>>>>

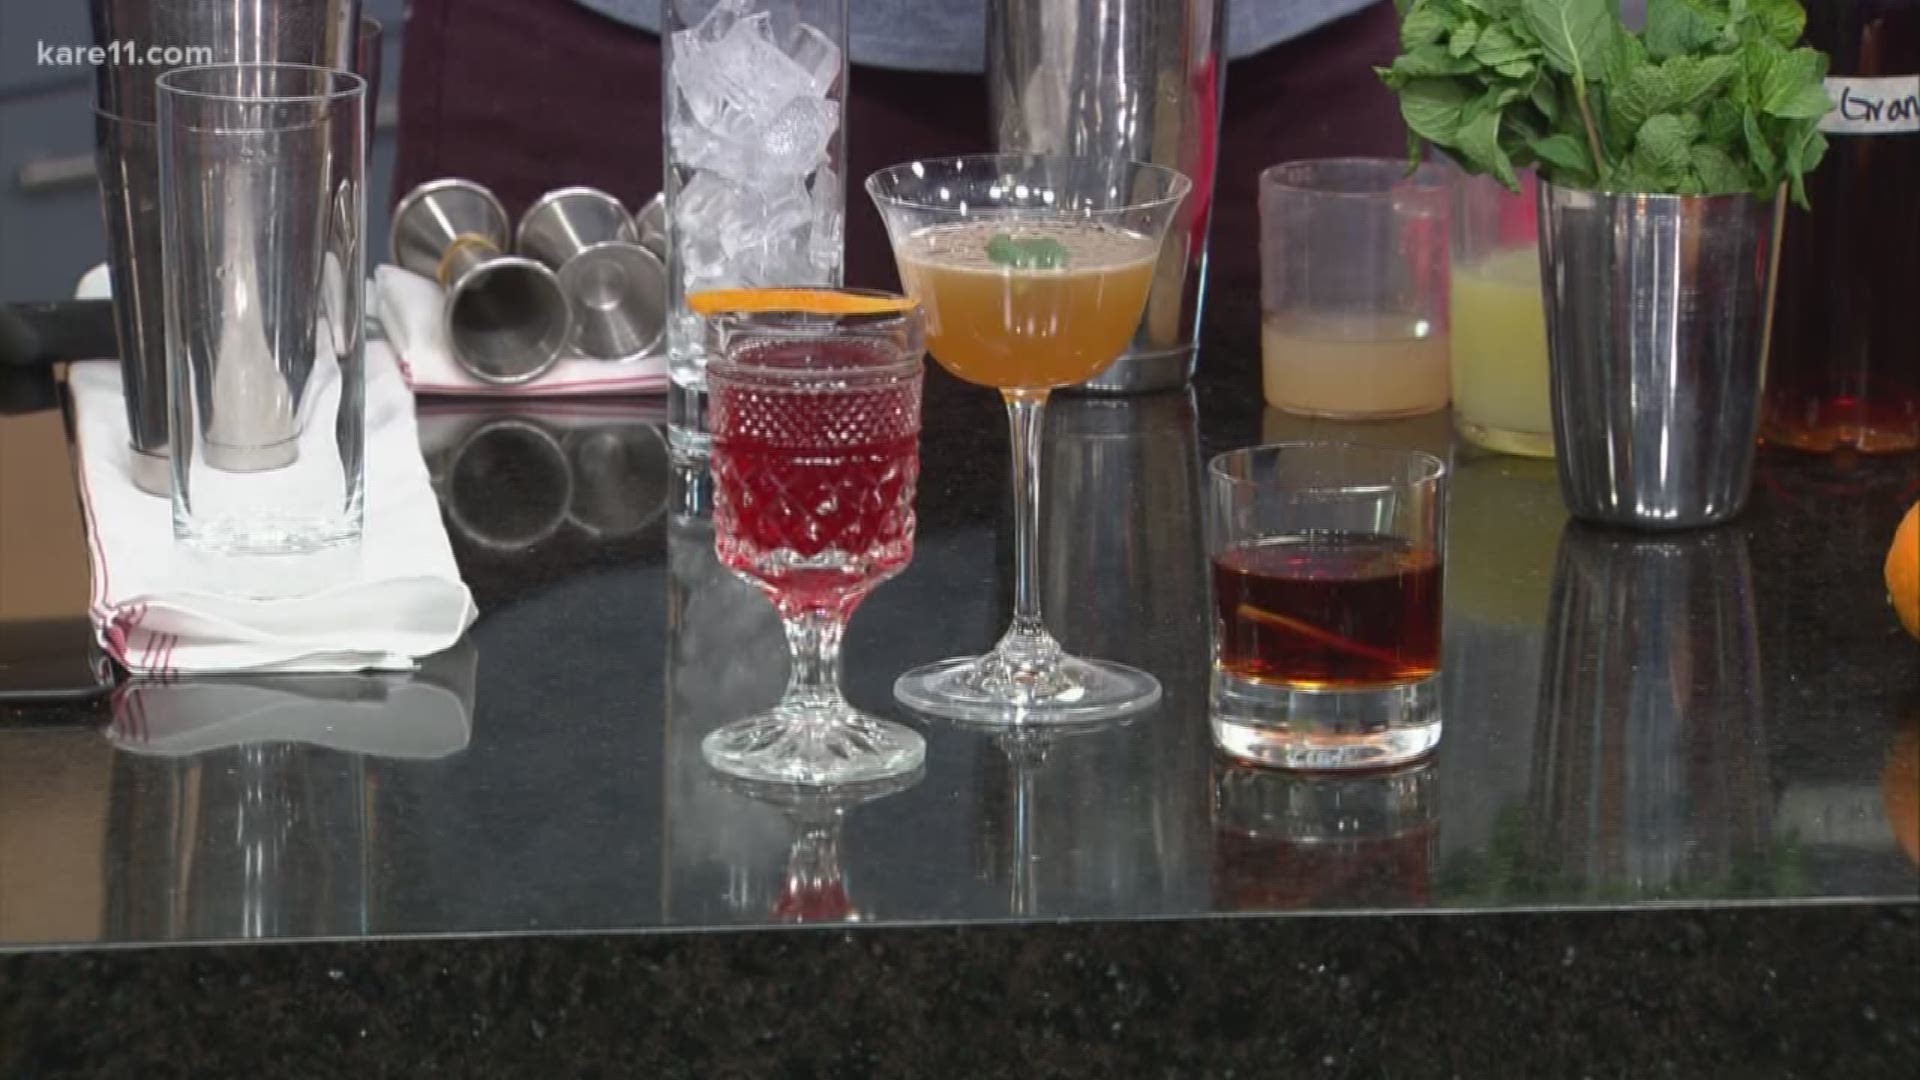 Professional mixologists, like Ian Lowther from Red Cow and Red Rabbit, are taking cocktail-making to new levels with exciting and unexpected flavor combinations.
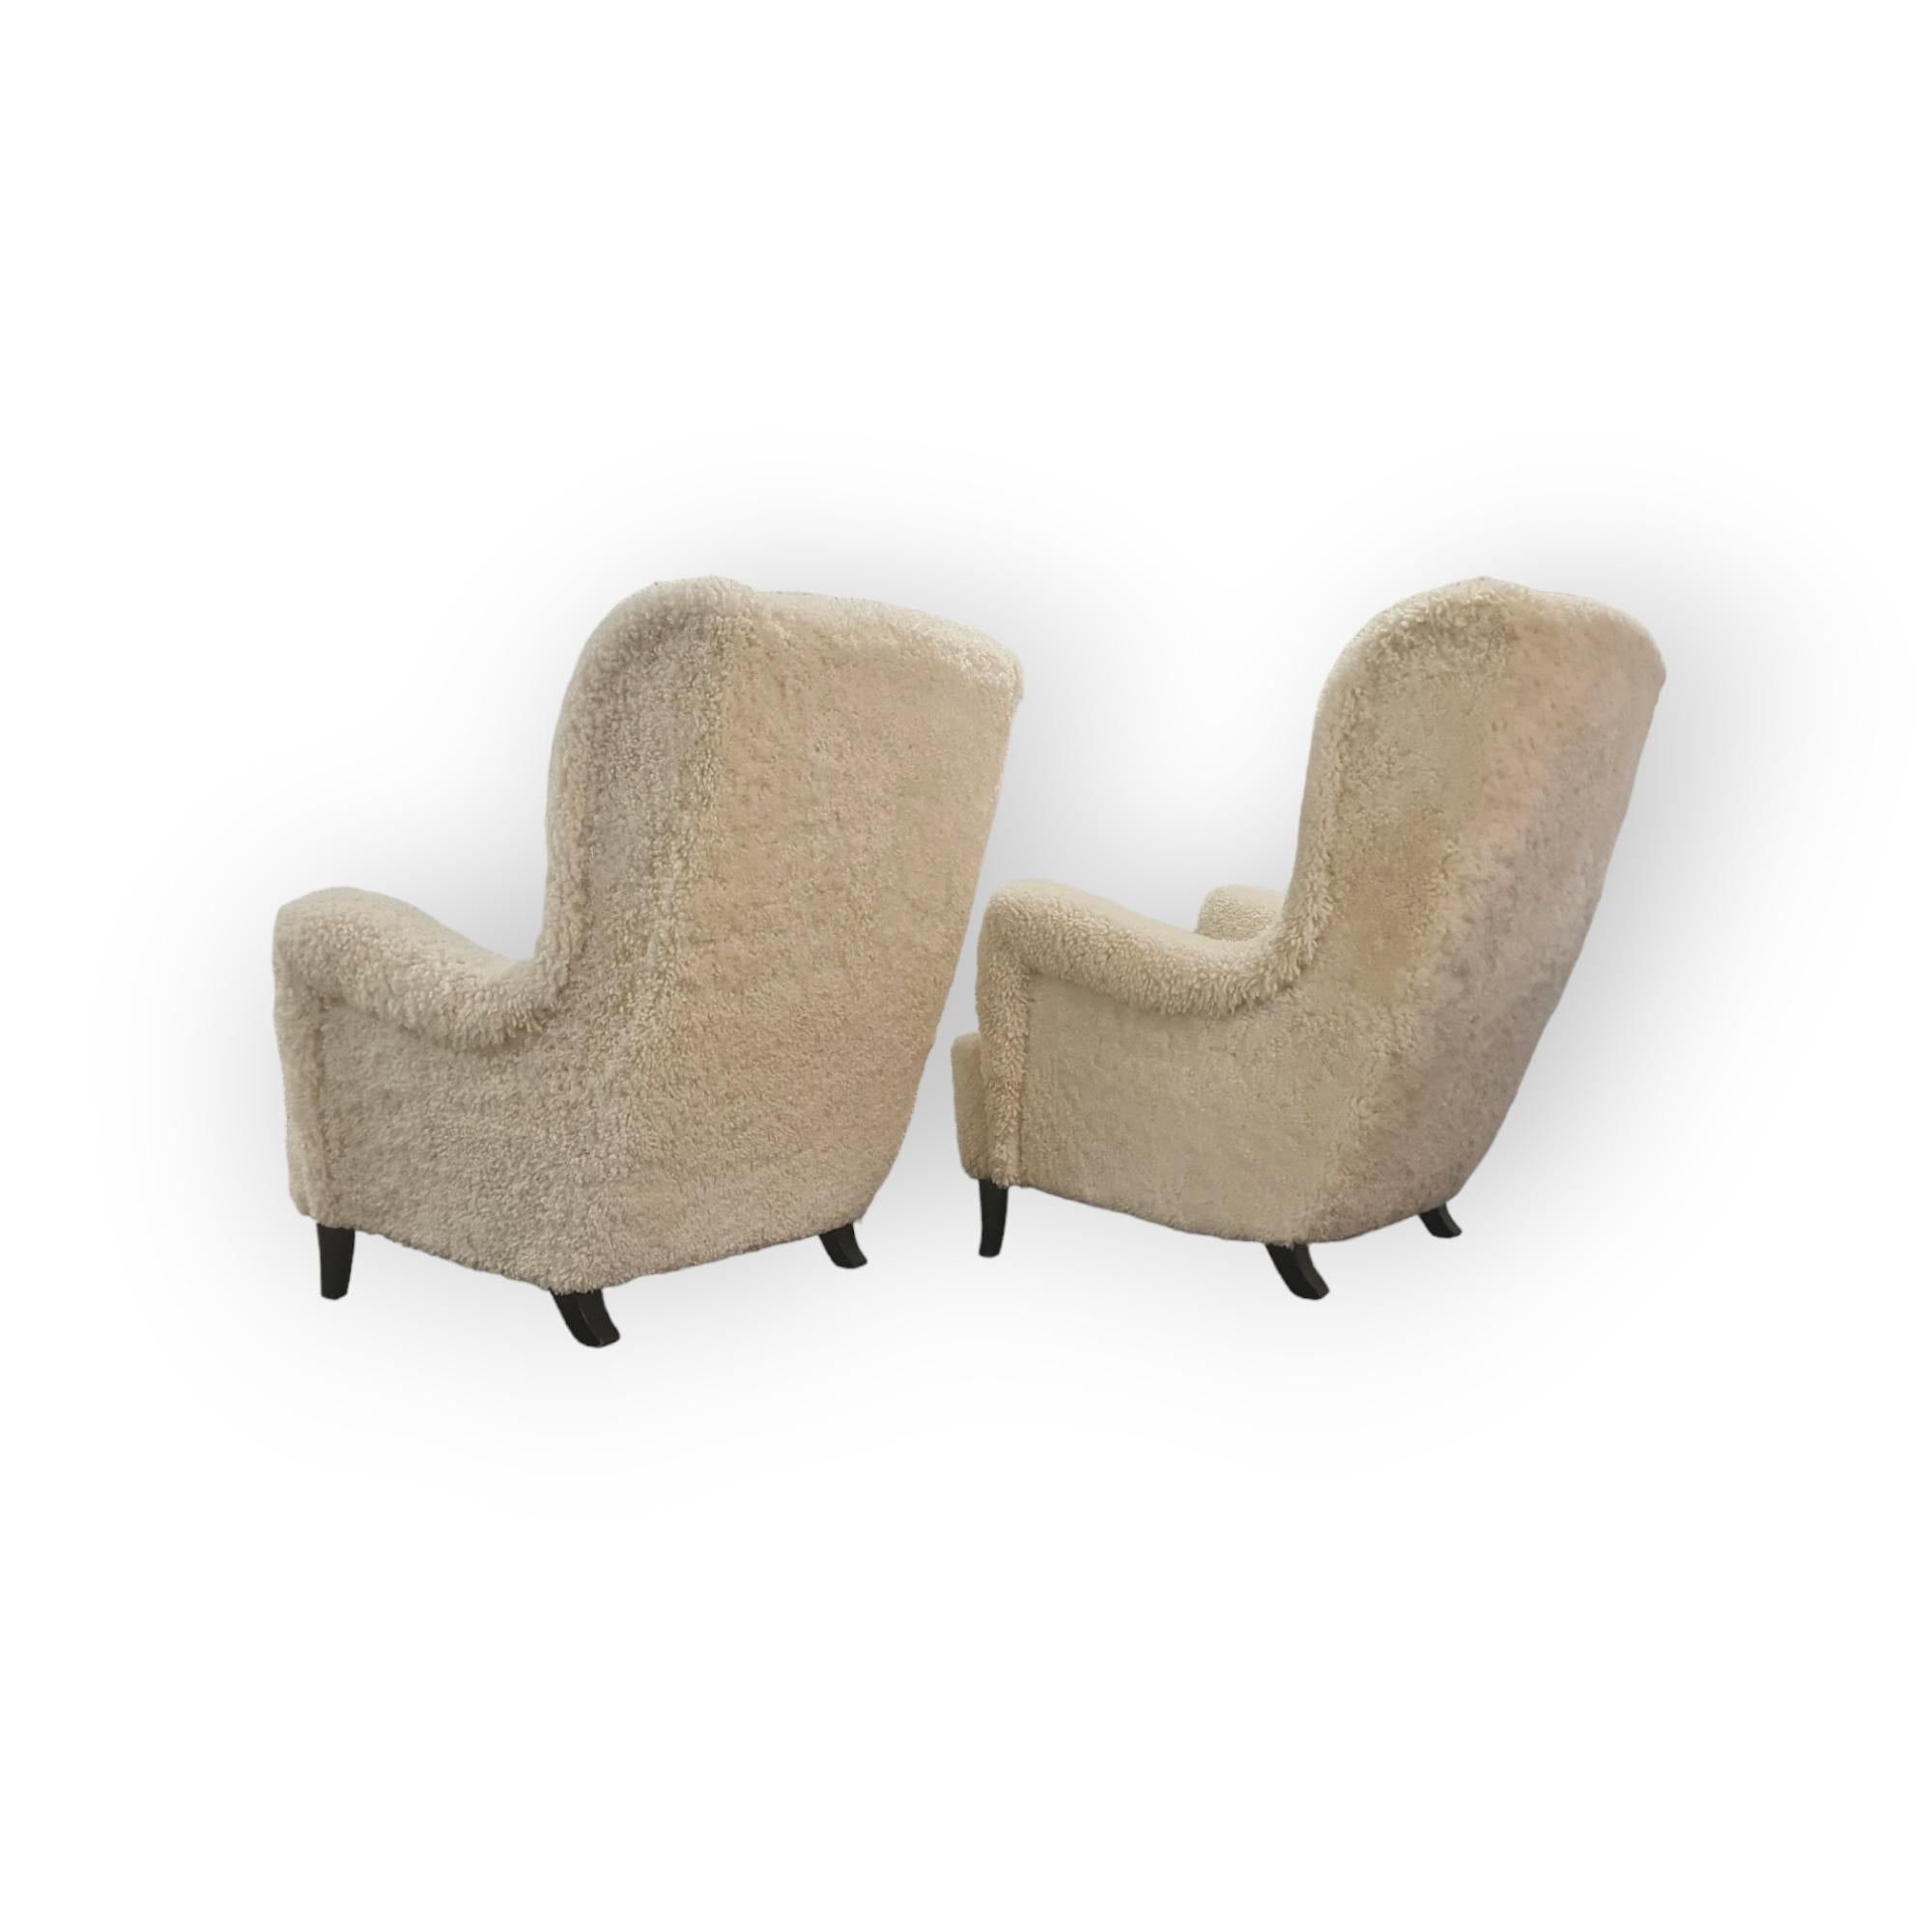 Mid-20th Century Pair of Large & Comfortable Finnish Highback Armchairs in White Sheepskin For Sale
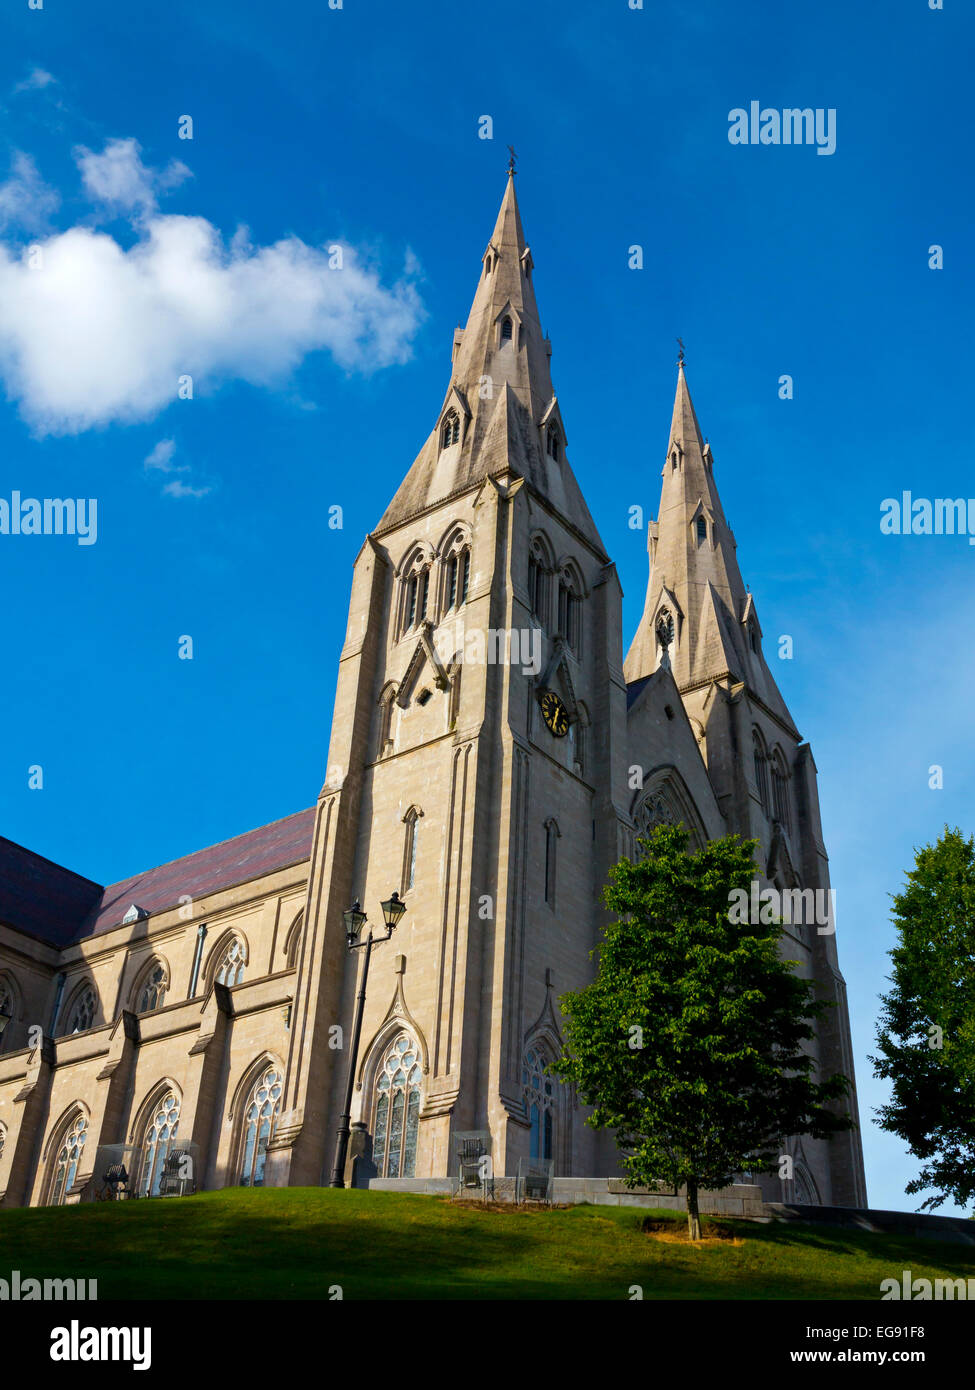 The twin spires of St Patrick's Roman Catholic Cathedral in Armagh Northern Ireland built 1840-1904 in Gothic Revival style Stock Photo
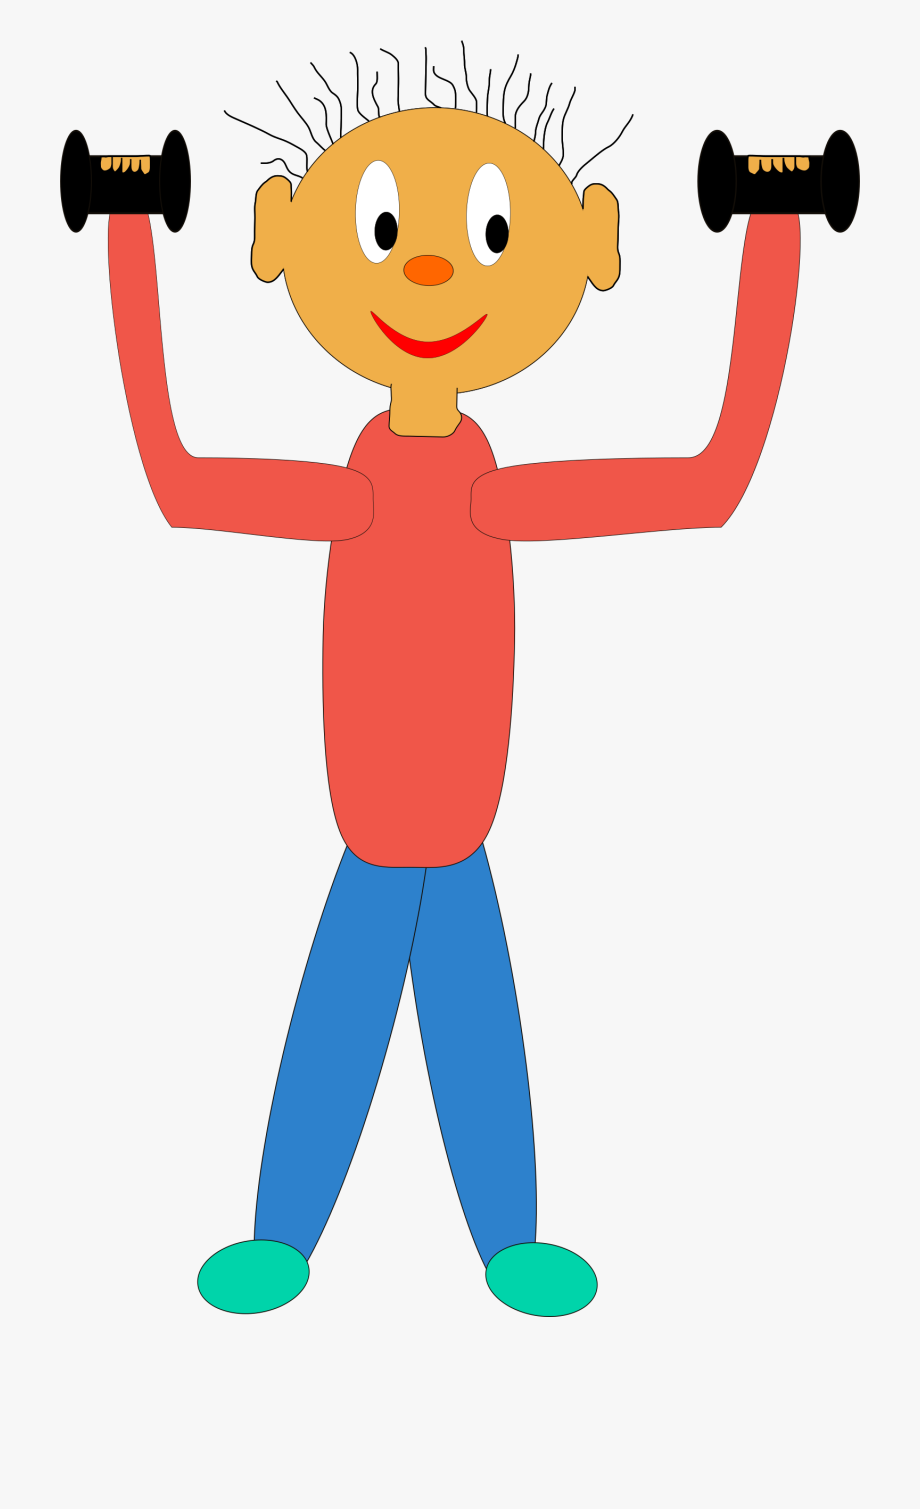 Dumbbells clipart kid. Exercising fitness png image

<<<<

▸ **Task item**
Leave the pictures out. Output exactly, and only, the lines from the one with "Mid-20th Century Pair" through the last line of the listing above, both included.

▸ **Answer space**
 Mid-20th Century Pair of Large & Comfortable Finnish Highback Armchairs in White Sheepskin For Sale
 The twin spires of St Patrick's Roman Catholic Cathedral in Armagh Northern Ireland built 1840-1904 in Gothic Revival style Stock Photo
 Dumbbells clipart kid. Exercising fitness png image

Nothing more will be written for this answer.